A Duo Of Trios

 

Daniel Carter / George Lyle / Fritz Welch
So Long Farewell Repair Live at the Glad Cafe
UK IORRAM KY276 CD (2016)

The Core Trio
The Core Trio Live Featuring Matthew Shipp
NETHERLANDS EVIL RABBIT RECORDS ERR23 CD (2016)

Two trios, two live in concert recordings, two jazz odysseys into the outer limits of piano and sax, bass and drums. Actually, one of those trios is really a quartet, but we’ll come to that in a minute.

First up, we have Daniel Carter doubling on alto saxophone and piano, Fritz Welch on drums and the late George Lyle on double bass. The sleeve notes refer to “non-Euclidean space”, and I get that. No obvious straight lines here. The band explore all sorts of strange angles across four tracks of restless, shuffling free jazz, so I’m tempted to say that if there was a jazz club in downtown R’lyeh, these guys could be the house band.

But I won’t, because I try to avoid Lovecraft references where I can, and because this was actually recorded at The Glad Café in Glasgow, as part of the 2015 Counterflows Festival. The recording quality is excellent, so it feels as if you’re right there enjoying Carter’s ‘round midnight melody lines and scampering squawk-runs. Welch’s drums provide a constant sussurus, whilst Lyle scrapes, plucks and saws away at his bass, creating what the sleeve-notes describe perfectly as a “rolling-urge in wood”. Carter embellishes things with a few piano runs, too.

On the whole, this is a rich and warm listening experience, and a fitting tribute to Lyle.

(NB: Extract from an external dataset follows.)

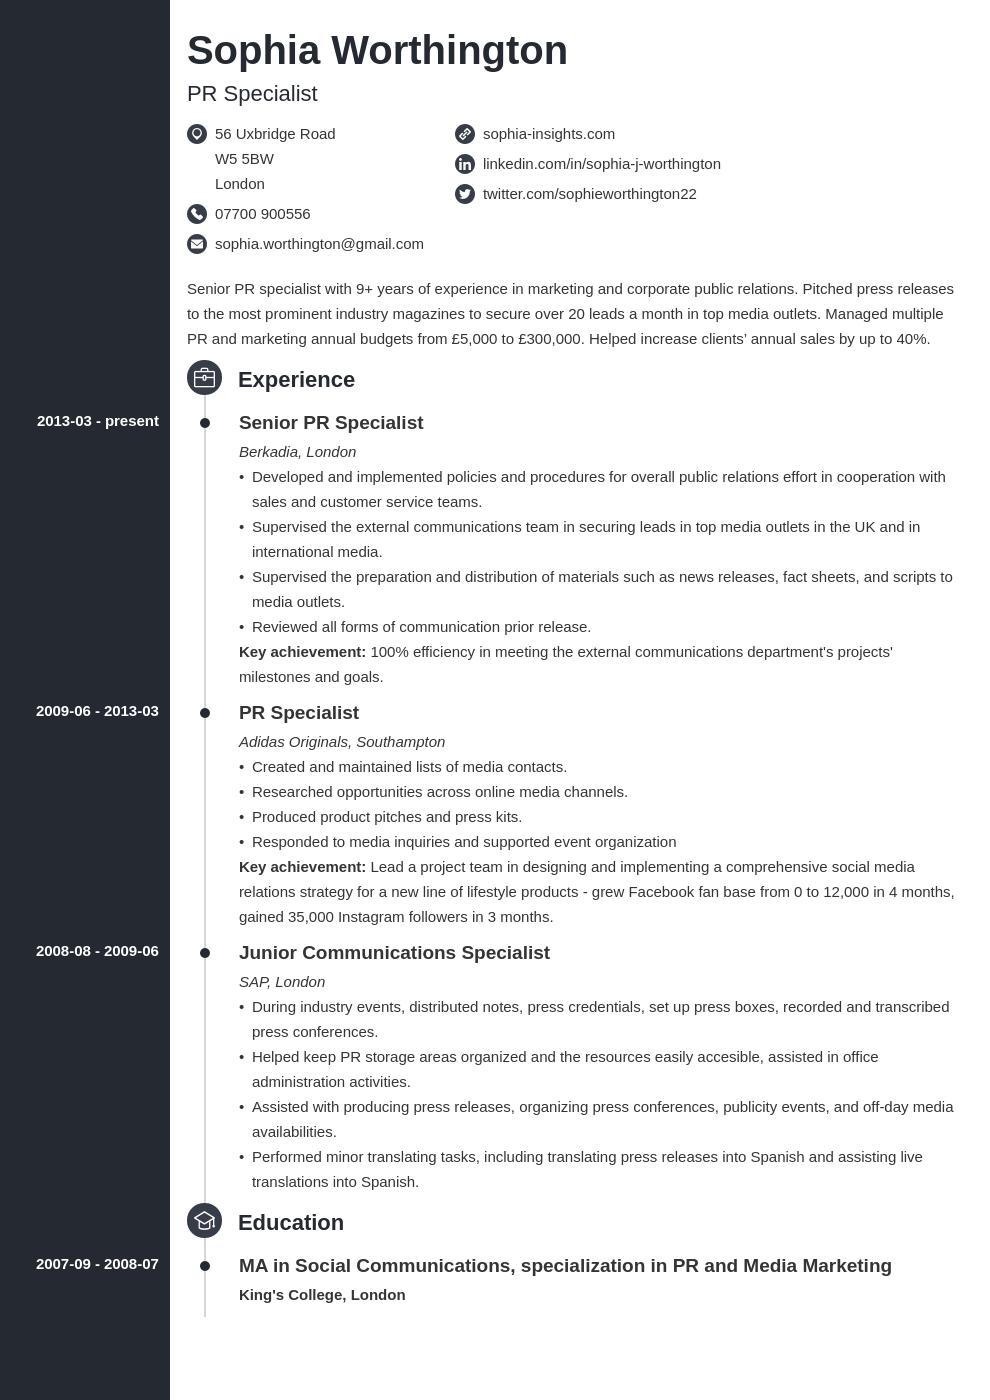 cv personal statement profile template concept in 2020
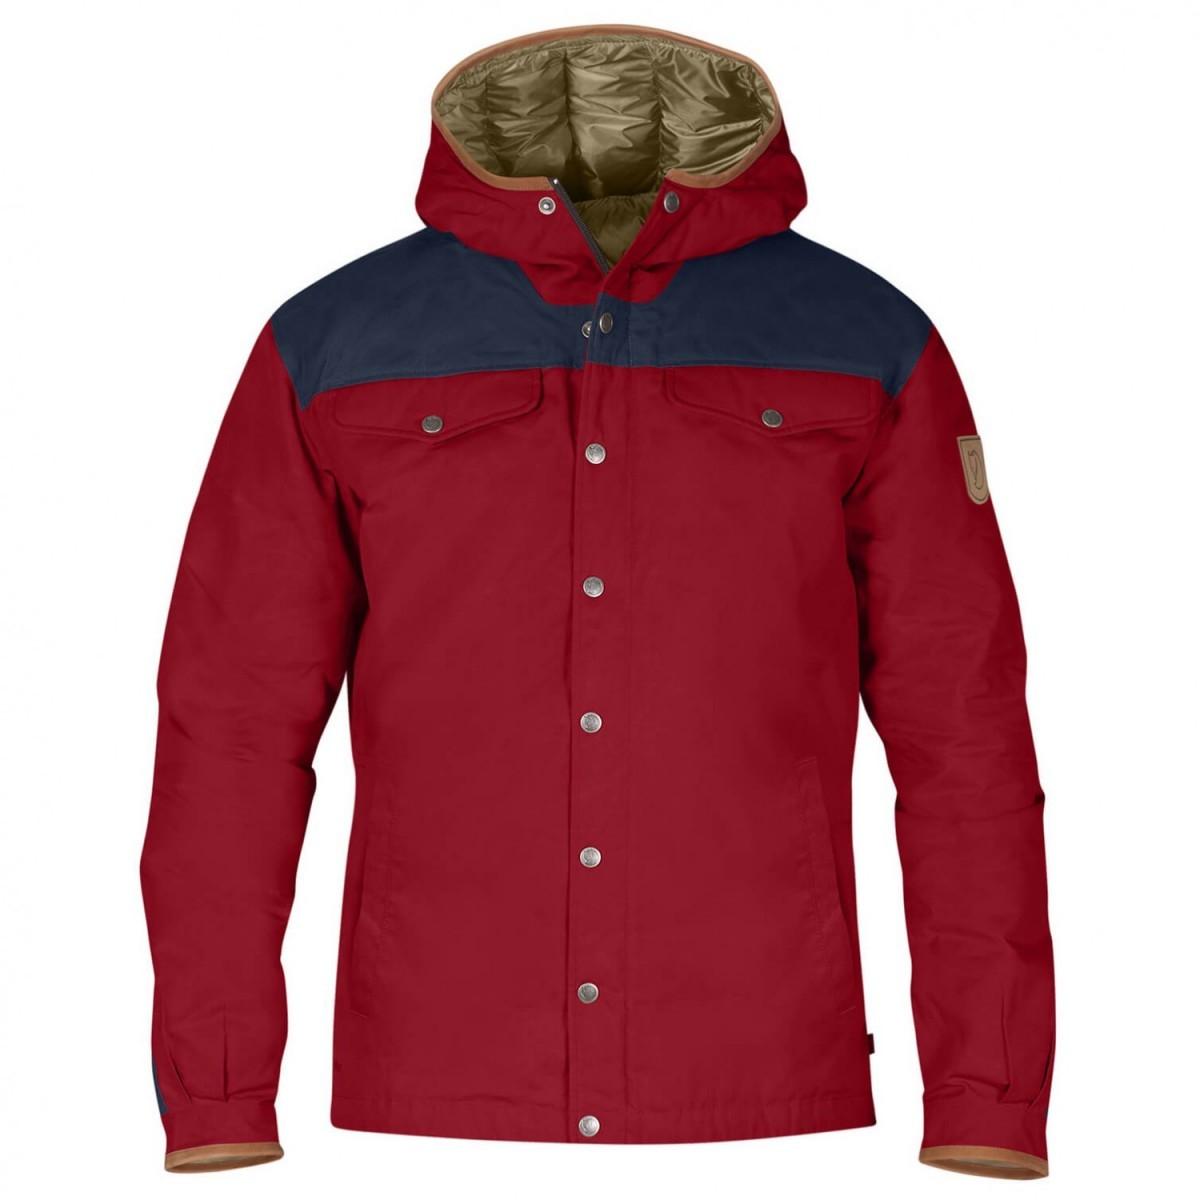 FJALLRAVEN フェールラーベン Greenland No.1 Down Jacket ダウンジャケット (Deep Red)

The Core Trio are a trio plus one – Seth Paynter on tenor sax, Thomas Helton on double bass, Joe Hertenstein on drums and fourth member Matthew Shipp on piano. The piano takes more of a central role here, as Shipp uses all twenty of his fingers to unleash whirlwinds of notes and stentorian chords over two long tracks.

These guys can bring the skronk with the best of them, and generally speaking, this is jazz of the austere, furrow-browed and bracing variety. But every so often they drop into limpid pastoral interludes. Imagine Jerry Lee Lewis dropping Debussy’s “Clair de Lune” between “Great Balls of Fire” and “Good Golly Miss Molly”, without pausing, in the middle of his 1964 Star Club set, and you get some idea of the effect.

Once again, this was recorded live, at Ovations Night Club in Houston. The applause at the end sounds a little dazed, which I would take as a good sign. In fact, I would take both of these recordings as a good sign, that there are still jazz warriors out there cranking out the good stuff on a nightly basis, just waiting for you to hear them.